A scRNA-seq dataset derived from healthy intestine was accessed from Elmentaite et al.66. scRNA-seq data for colon gut epithelium were downloaded from https://www.gutcellatlas.org and filtered for cells from the colon in ‘Healthy adults’. This left seven donors with a mean of 5,516 cells per donor (range, 1,410–16,828). Expression data were normalized with Seurat v.4.1.0 (ref. 67) and mean expression within each donor was calculated.

The mean and s.d. of each gene’s expression within each donor was calculated.
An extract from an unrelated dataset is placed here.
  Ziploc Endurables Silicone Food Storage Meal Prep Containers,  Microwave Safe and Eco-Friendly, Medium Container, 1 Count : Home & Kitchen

Genes were then filtered and grouped according to the groups identified in Fig. 1a, and plots were produced analogously to Fig. 1b,c.

### Pathway enrichment clustering

Hallmark pathways were downloaded from MSigDB (msigdbr R package v.7.2.1)24 with unrelated pathways (SPERMATOGENSIS, MYOGENESIS and PANCREAS_BETA_CELLS) removed from analysis, and the COMPLEMENT pathway was renamed COMPLEMENT_INNATE_IMMUNE_SYSTEM. Pathways INTESTINAL_STEM_CELL68 and WNT_SIGNALING (http://www.gsea-msigdb.org/gsea/msigdb/geneset_page.jsp?geneSetName=WNT_SIGNALING) were added.
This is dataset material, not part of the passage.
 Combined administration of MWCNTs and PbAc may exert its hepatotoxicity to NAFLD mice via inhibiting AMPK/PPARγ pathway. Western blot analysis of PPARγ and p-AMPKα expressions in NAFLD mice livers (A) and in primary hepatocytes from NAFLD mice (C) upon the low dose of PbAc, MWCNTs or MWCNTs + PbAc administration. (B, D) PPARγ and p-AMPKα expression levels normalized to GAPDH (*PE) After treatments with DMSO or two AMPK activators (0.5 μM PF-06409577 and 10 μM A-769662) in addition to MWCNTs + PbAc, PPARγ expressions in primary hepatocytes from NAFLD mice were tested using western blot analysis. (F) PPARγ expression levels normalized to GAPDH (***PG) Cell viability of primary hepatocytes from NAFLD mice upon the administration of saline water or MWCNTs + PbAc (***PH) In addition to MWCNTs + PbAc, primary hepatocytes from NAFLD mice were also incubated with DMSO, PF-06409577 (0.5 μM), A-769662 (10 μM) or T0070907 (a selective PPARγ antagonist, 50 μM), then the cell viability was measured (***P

For each multi-region tumour (n = 17), the TPM expression of protein-coding genes converted to entrez gene IDs (n = 18,950) was used as input for single-sample gene set enrichment analysis using the GSVA R package v.1.42.0 (ref. 69). The mean and s.d. of enrichment were then recorded for each tumour. Because KRAS_SIGNALING_DN had average enrichment below zero it was removed from downstream analysis, leading to a final list of 48 pathways.
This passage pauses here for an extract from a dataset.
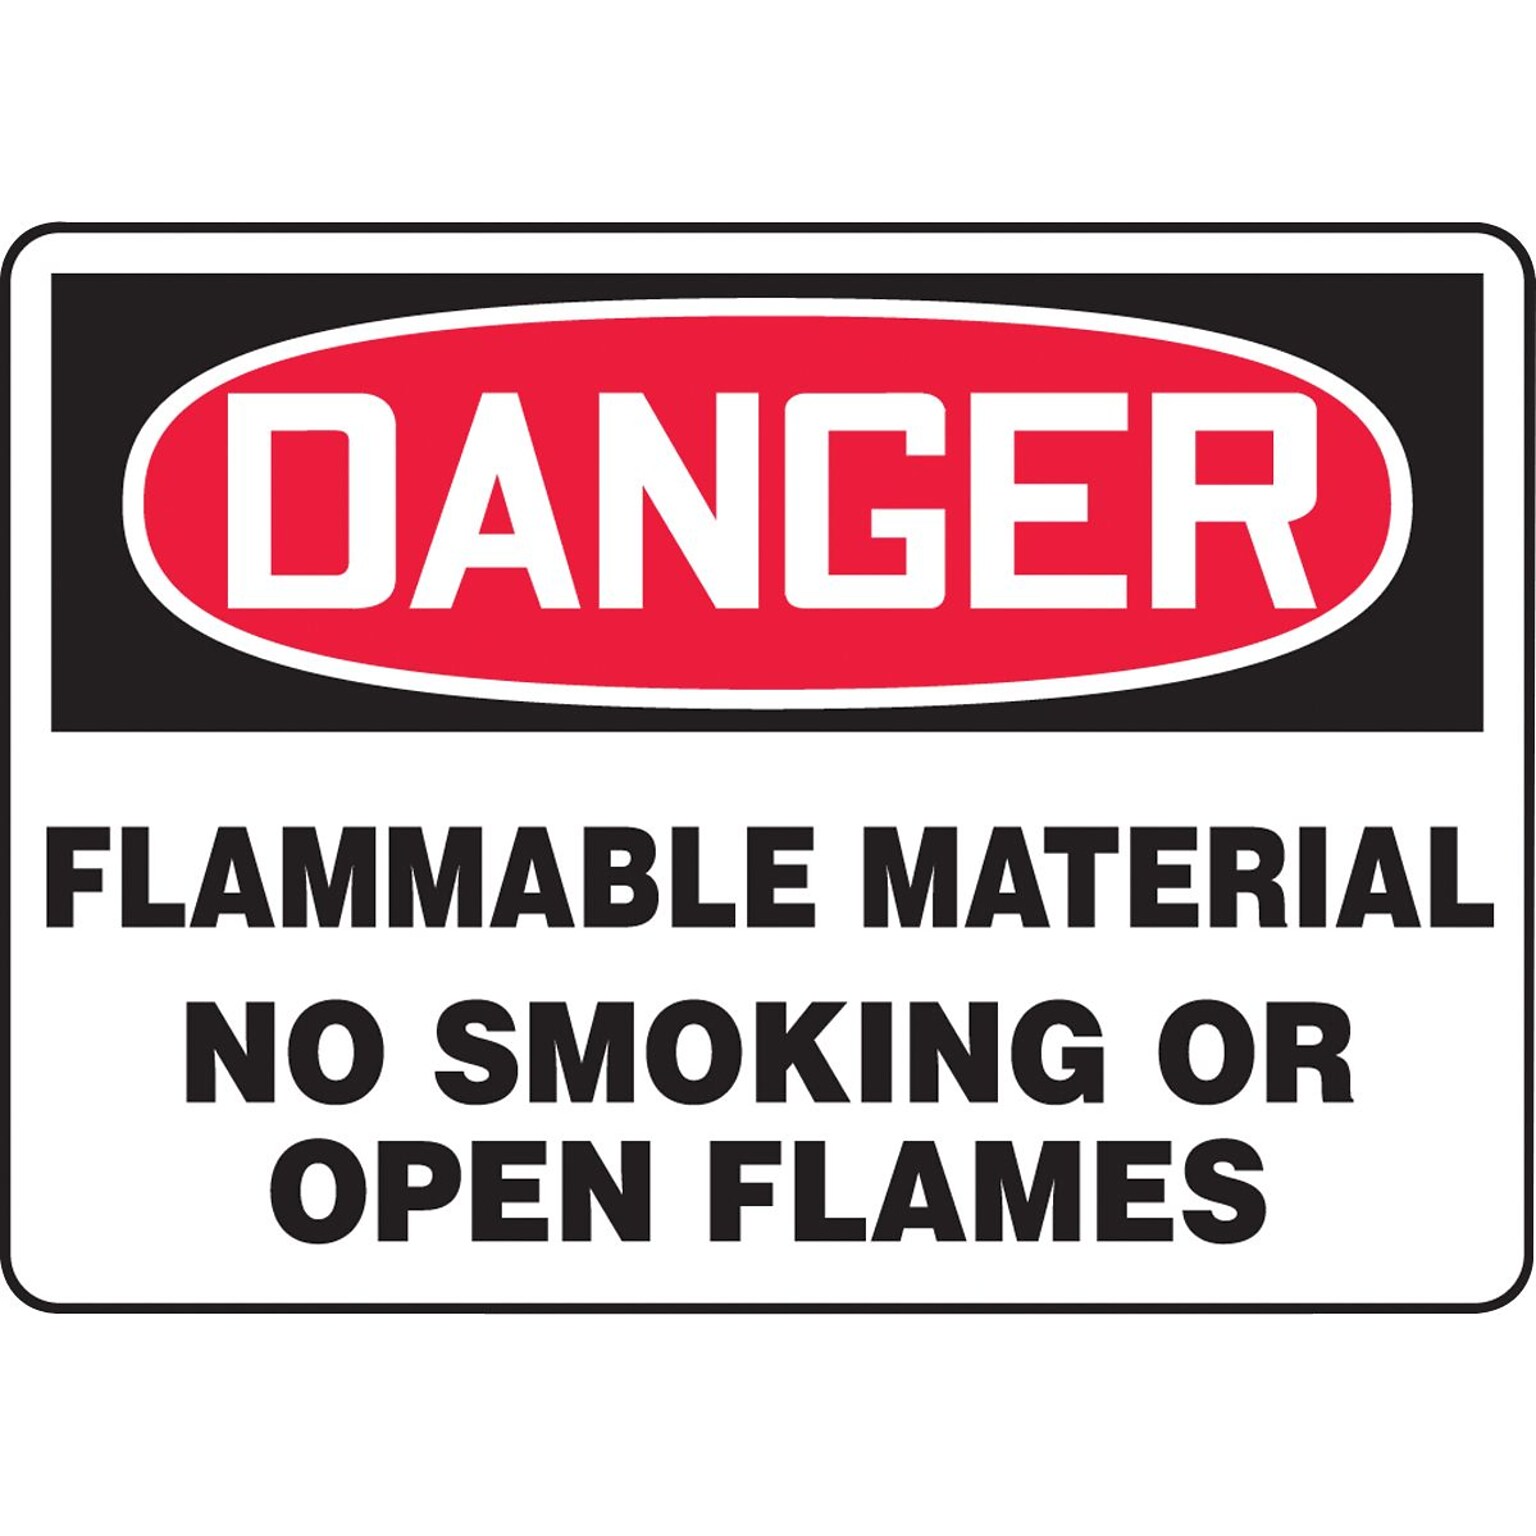 ACCUFORM SIGNS® Safety Sign, DANGER FLAMMABLE MATERIAL NO SMOKING OR OPEN FLAMES, 7 x 10, Aluminum

Analogously to the genic analysis, mean and s.d. of pathway enrichment were jointly used to determine four groups of pathways whereas tumours were clustered and matrices normalized by column as before. Fisher’s exact tests were subsequently performed to determine whether pathway classes25 were significantly enriched/depleted in particular pathway groups.

CMS and CRIS classifications were determined using the CMScaller R package v.2.0.1 (ref. 70). As recommended, raw gene counts were used as input with ‘RNA-seq=TRUE’, meaning that these counts underwent log2 transformation and quantile normalization. CMS and CRIS were predicted using templates provided in the CMScaller package, and samples were assigned to the subtype with the shortest distance. High-accuracy classifications were determined by running 1,000 permutations, where a classification was considered significant if the FDR-adjusted P-value was under 0.05.

### Construction of phylogenetic trees

#### Reconstruction of maximum-parsimony trees

From deep WGS (dWGS) samples, maximum-parsimony trees were reconstructed with the Parsimony Ratchet method71 implemented in the phangorn R package v.2.8.1 (ref. 72). Mutations with an estimated cancer cell fraction above 0.25 were considered to be mutated (state 1) and others to be non-mutated (state 0) in a given sample. The ratchet was run for a minimum of 100 and a maximum of 106 iterations, and terminated after 100 rounds without improvement.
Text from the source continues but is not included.